We died in cv_wait() called from ill_taskq_dispatch() because our lock
was unheld.  The code in ill_taskq_dispatch(), however, looks airtight --
and the nature of the mutex code makes it impossible for another thread
to have errantly handled the lock.

Some relevant facts (from the dump from January 14th at 17:30:30):

- ill_taskq_dispatch is straight-line from ill_taskq_dispatch to the
  call to mutex_enter at ill_taskq_dispatch+0x7e

- The call to mutex_enter uses %r13 to load %rdi

- In ill_taskq_dispatch, %r13 is saved and then loaded before any branches
  (at ill_taskq_dispatch+0x58), and not altered until it is restored at
  ill_taskq_dispatch+0x1bb.

- %r13 from ill_taskq_dispatch is saved at cv_wait+0x12, and is
  0xffffff016bfdcf58

- This value corresponds to the value on the stack as part of the
  mutex_vector_exit() (as expected).

- ill_taskq_dispatch loaded 0xffffff016bfdcf58 into %r13 and called
  mutex_enter on this mutex at ill_taskq_dispatch+0x7e.

- Between the call to mutex_exit() at ill_taskq_dispatch+0xb6 and the
  call to mutex_enter() at ill_taskq_dispatch+0xe5, there is only one
  potential transfer of control in the function:  to call assfail()
  from the basic block at ill_taskq_dispatch+0x1c2.  If this basic block
  were executed, a panic would be induced -- but even if this logic
  were somehow flawed, control would still return to ill_taskq_dispatch+0xe2
  to call mutex_enter() at ill_taskq_dispatch+0xe5.

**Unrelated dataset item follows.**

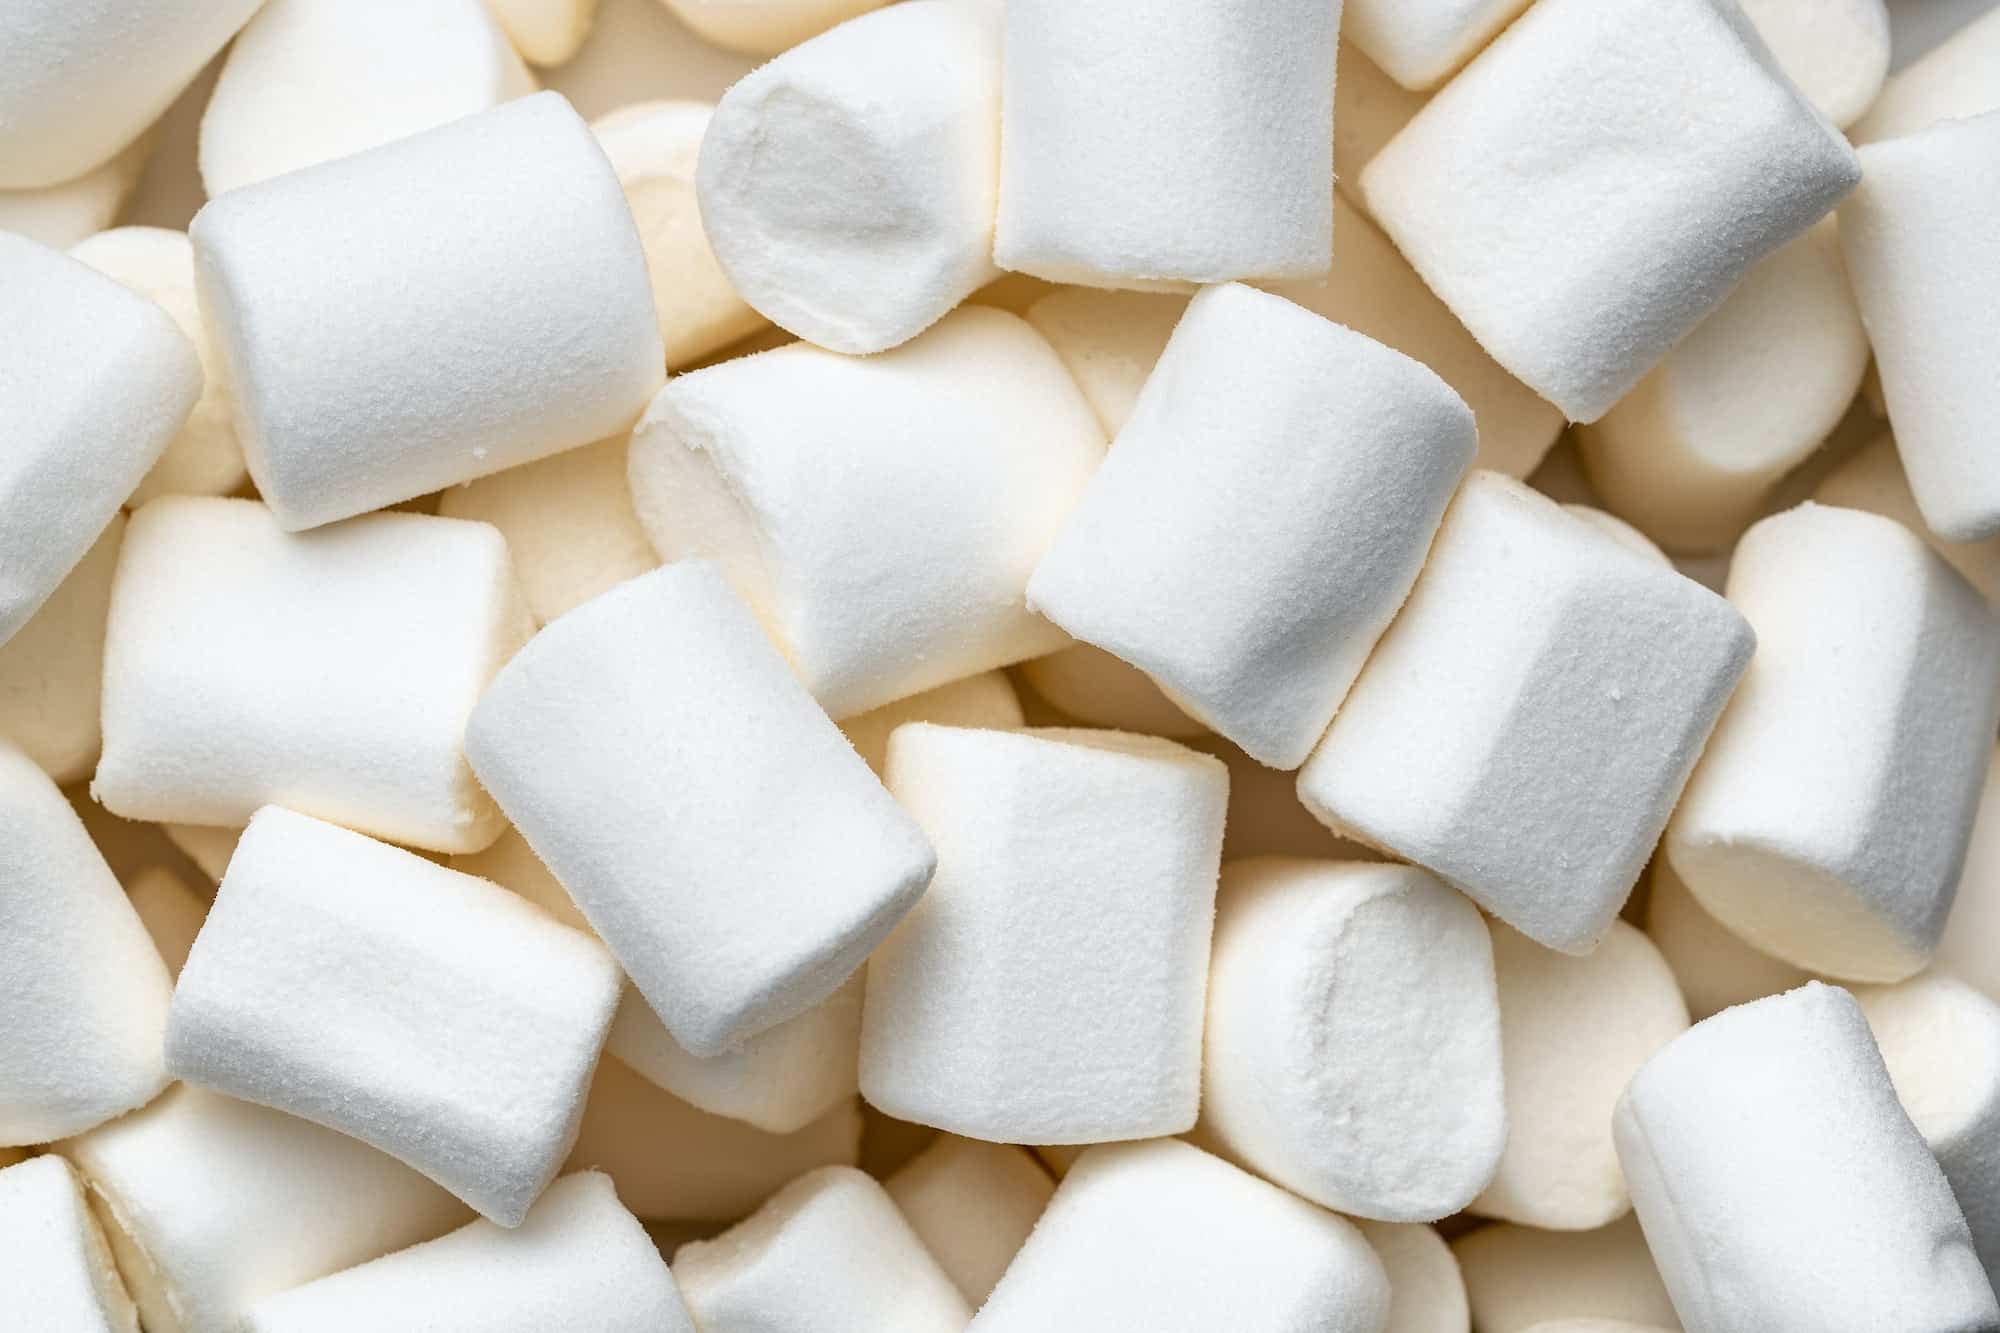 White sweet marshmallows candy.

We therefore know that the current (panicking) thread called mutex_enter()
at ill_taskq_dispatch+0x7e.  If it did indeed drop the lock at
ill_taskq_dispatch+0xb6, there is no path by which the lock is not regained
at ill_taskq_dispatch+0xe5.  We further know that if any other thread
attempted to (spuriously) drop the lock, the system would immediately panic.

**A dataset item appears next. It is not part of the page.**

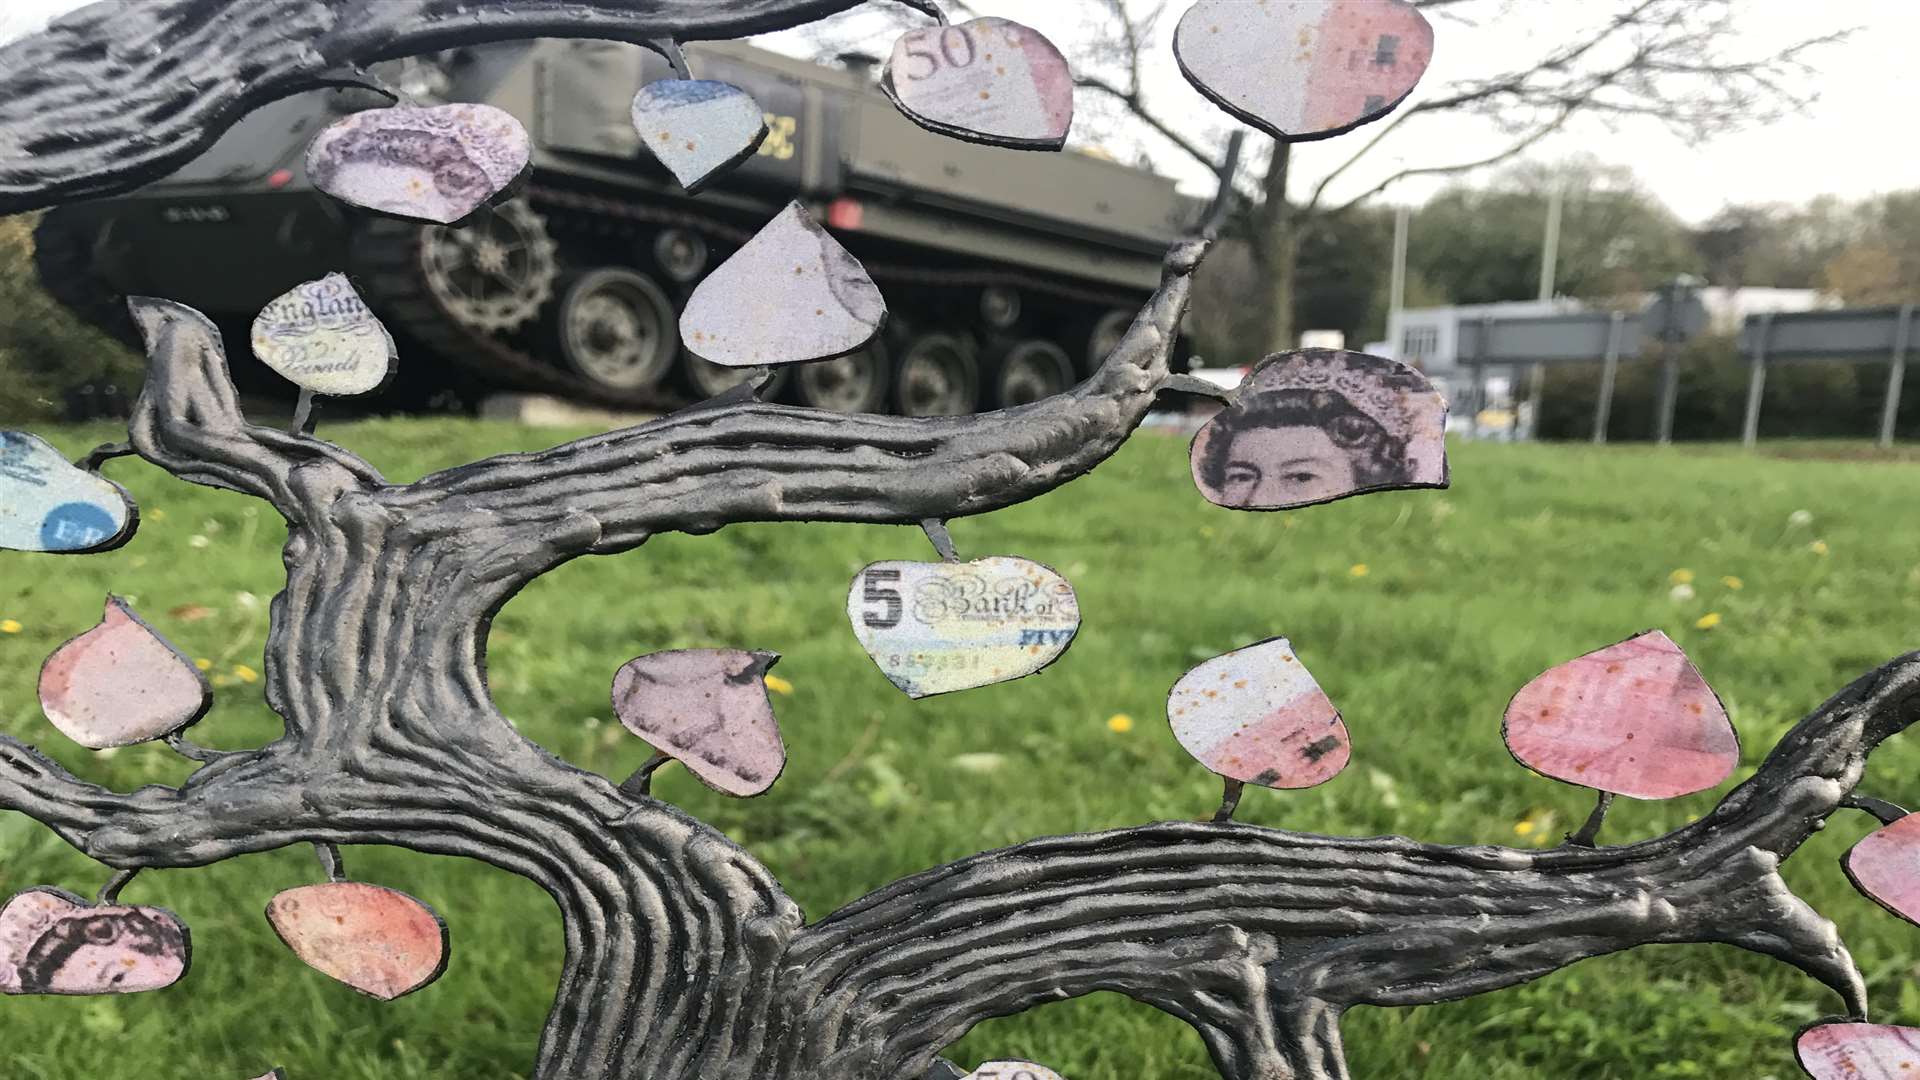 The leaves on the tree are designed to look like money

All of this known, there become very few possibilities:

- The owner field was not properly recorded on the call to mutex_enter()
  ("can't happen").

- Control was transferred in such a way that the mutex_enter() at
  ill_taskq_dispatch+0xe5 never happened ("can't happen")

- The lock was not correctly regained in the cv_wait() ("can't happen").

- The lock field was zero'd by some other thread operating on the data
  structure.

Given that all of these but the last are "can't happen" conditions that
seem extraordinarily unlikely to be seen in the same body of code across
multiple builds (as has been the case with this panic), the last possibility
must be accepted as the only real possibility.

With this new disposition, the manipulation of ips_capab_taskq_lock elsewhere
was examined in greater detail -- quickly revealing the source of the
problem in ip_stack_init():

{code}
...
        /*
         * Create the taskq dispatcher thread and initialize related stuff.
         */
        ipst->ips_capab_taskq_thread = thread_create(NULL, 0,
            ill_taskq_dispatch, ipst, 0, &p0, TS_RUN, minclsyspri);
        mutex_init(&ipst->ips_capab_taskq_lock, NULL, MUTEX_DEFAULT, NULL);
        cv_init(&ipst->ips_capab_taskq_cv, NULL, CV_DEFAULT, NULL);
...
{code}

The bug is this code calls mutex_init() on the lock manipulated by
ill_taskq_dispatch() _after_ having created the thread that calls into
ill_taskq_dispatch()!  This potentially (and silently) zeroes the held
lock, which can lead to all sorts of nastiness -- notably the panic seen
here.  Sure enough, looking at the dump, there is another thread (running
on the other virtual CPU) that was recently in this code, and the t_start
of the panicking thread is the current time (that is, the thread was
just created, as we would expect if this were the bug).

Fortunately, the fix is simple:  the mutex_init() and cv_init() should be
before the thread_create(), not after it.

---8<---

That should flesh out the rationale for the fix -- with my apologies
for not having pushed this upstream myself earlier...

        - Bryan